Special attention should be paid to the construction of certain component models determined by the characteristics of the ultra-high voltage power grid line itself, and the design should be as consistent as possible with the actual situation. Its authenticity will directly affect the performance indicators of the protection device. Among them, the use of capacitive voltage transformer (CVT) leads to the secondary signal obtained after the fault has obvious transient characteristics, which is an important test for distance protection in transient overrun test and outlet fault test; in addition, due to the large attenuation time constant of the ultra-high voltage power grid, the non-periodic component decays slowly under certain fault conditions, resulting in saturation of the current transformer (CT). This is also a very important assessment content for the protection device. It can be seen that the characteristics of the high-voltage power grid put forward higher requirements for the protection device. For different channel connection methods, we use the "programmable logic function" of the SEL protection device to simulate and obtain good test results.
1.2 Test content and results
In order to make the developed protection device have a higher starting point and meet the various requirements of high-voltage/ultra-high voltage line protection with excellent performance, the content of SD286-88 "Technical Conditions for Dynamic Model Test of Line Relay Protection Products" is taken as the basic requirement. In addition, considering that this standard was formulated more than 10 years ago, some of the content is no longer suitable for the needs of the current form. Therefore, combined with the actual needs of the current system, we draw on the enterprise standards of other domestic protection manufacturers to formulate our test content and performance requirements.

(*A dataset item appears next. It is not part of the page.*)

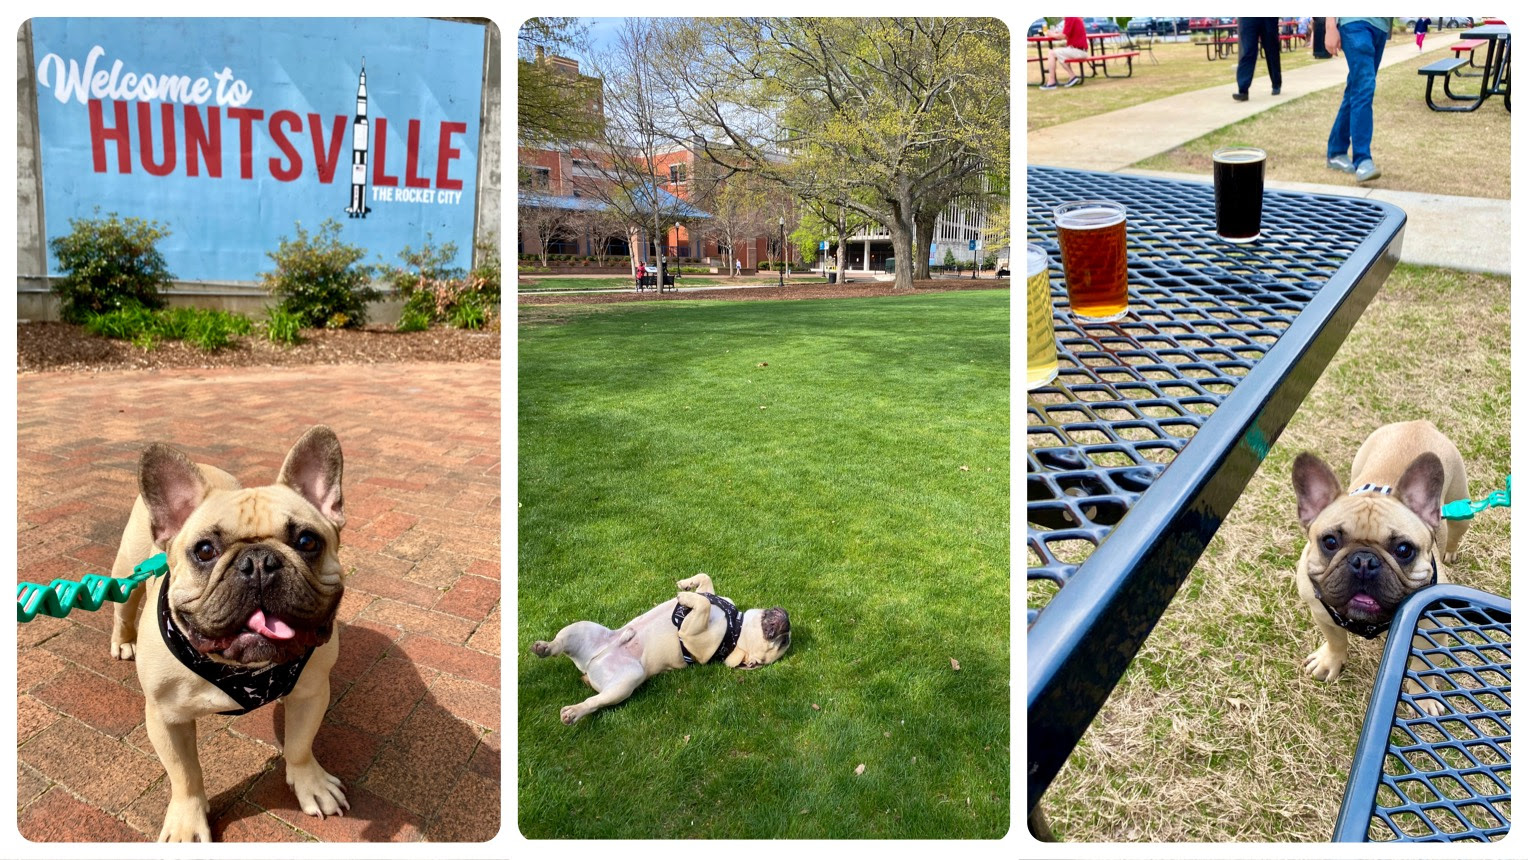 How to spend a dogfriendly day in Huntsville Soul Grown

The line protection device DF3621 we developed is positioned in the high-voltage/ultra-high voltage power system. The basic configuration: mainly based on longitudinal distance protection, three-stage distance protection, stage zero-sequence protection and inverse time zero-sequence protection as backup protection, and a complete set of protection devices with complete auxiliary functions. The device adopts an advanced and reliable software platform, and the hardware platform adopts a 32-bit CPU+DSP mode, which provides a reliable foundation for the overall performance of the protection. The protection principle is complete and advanced. On the basis of absorbing the advantages of similar protection products in China, some mature research results such as self-adaptation and pattern recognition are added, so that this device can meet the basic requirements of current protection devices and also have satisfactory results for faults under special working conditions.
This RTDS test belongs to the means of the development stage, so the test items fully include all the test items of the Electric Power Research Institute and some relevant standards of the network bureau, and we have added some test contents: complex faults, ultra-high resistance (greater than 300) grounding faults, grounding faults through transition resistance during oscillation, and severe CT saturation conditions. The basic test results of DF3621 are shown in Table 1.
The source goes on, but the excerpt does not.